GFZ German research centre for geo sciences

Delay-Doppler Map (DDM) Based Retrieval for GNSS-R Altimetric Sea Surface Heights from CYGNSS Constellations

NASA CYGNSS Science Team Project

Funding by: National Aeronautics and Space Administration (NASA), US

Project Coordinator: Ohio State University (OSU), US

Funding period: 2018-2020

The Cyclone Global Navigation Satellite System (CYGNSS) has the primary objectives to quantify wind fields with improved temporal and spatial sampling during the evolution of Tropical Cyclones (TC) and measure all-weather wind speed within the eyes of the cyclones, to enhance the understanding of physics of cyclones towards improving cyclone forecasting. The proposed CYGNSS Science Team member project focuses on the CYGNSS AO Research Area for Physical Oceanography via Altimetry.

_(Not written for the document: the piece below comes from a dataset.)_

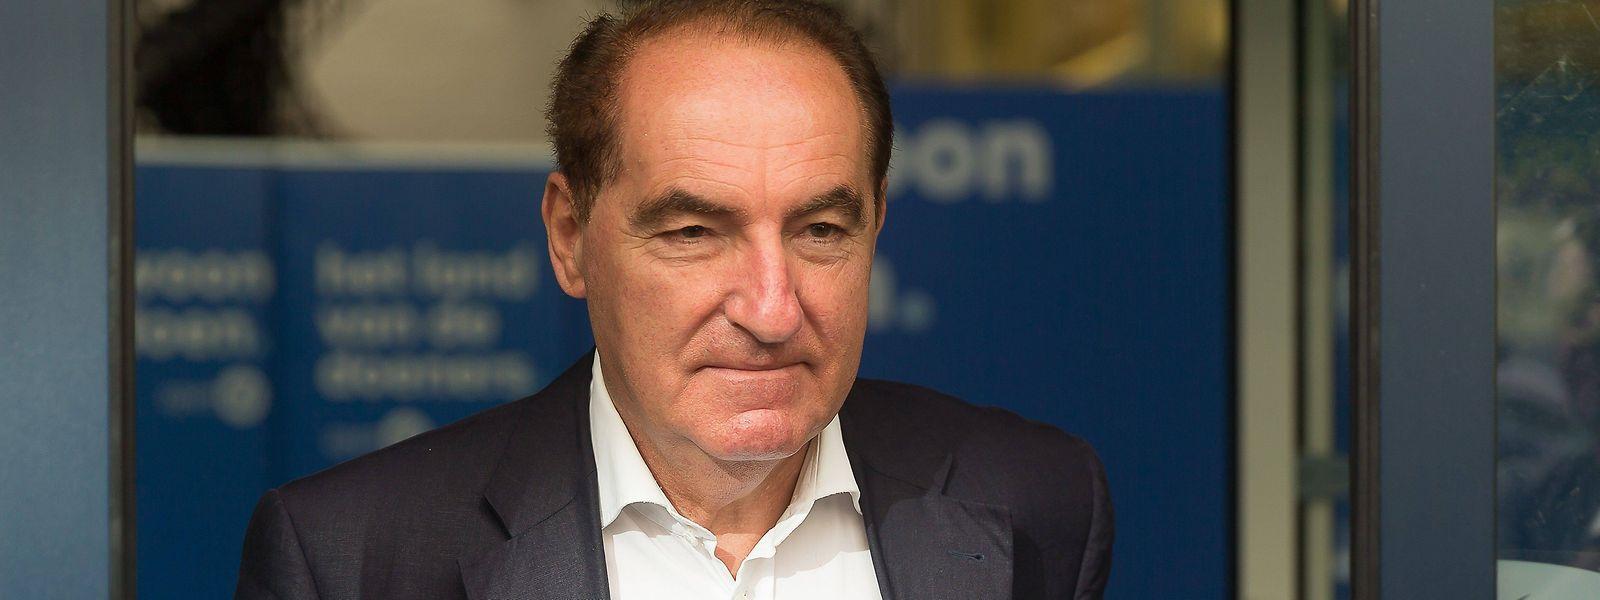 Karel Pinxten, membro do Tribunal de Contas Europeu entre março de 2006 e abril de 2018, é o primeiro caso de fraude comprovada na instituição europeia com sede em Kirchberg.

We propose to address the following scientific objectives including the study of feasibility to use CYGNSS GNSS-R altimetry measurements for oceanographic studies:

  1. We will study and develop CYGNSS Level 1 DDM data product based GNSS-R altimetry retrieval algorithms, including the Full DDM Maximum Likelihood Estimator (MLE), Leading-Edge Method, and the novel Multi-Doppler Waveform Retracking, and process CYGNSS data to generate CYGNSS altimetry geophysical data records (GDR);
  2. we will study and develop methodologies of applying precision orbit determination techniques on the 8 CYGNSS LEOs, by using the Level 1 zenith code phase data (with only 4 GPS tracking), to convert the data into conventional C/A bias range, to mitigate ionosphere delays by using GNSS Ionosphere Maps (GIM), towards improved orbits as compared to the onboard navigation solution;
  3. we will develop that Geophysical Data Record (GDR) algorithms for CYGNSS GNSS-R ocean altimetry, the resulting Algorithm Theoretical Basis Document (ATBDs), assessing their uncertainties and error budget, including GIM based ionosphere correction, geophysical corrections (solid Earth, ocean and pole tides, dynamic atmosphere, L-band electromagnetic bias), media corrections (dry and wet troposphere, GIM based 1- or multi-layer regional or global ionosphere modeling), and mean sea surface/gradient corrections;
  4. we will study the DDM retrieval algorithms by using the potentially available raw CYGNSS IF data which are acquired using both antennae during hurricanes, with the benefit of more complete DDM generation and potentially higher data sampling using OSU’s end-to-end simulator (E2ES), and IEEC/ICE’s wavpy software system, to potentially generate improved sea surface height/gradient measurements during cyclones; and
  5. we will generate and validate the largescale sea surface height and gradient methods using available and incidental multi-mission satellite radar altimetry data during evolutions of cyclones, as well as using cyclone model outputs.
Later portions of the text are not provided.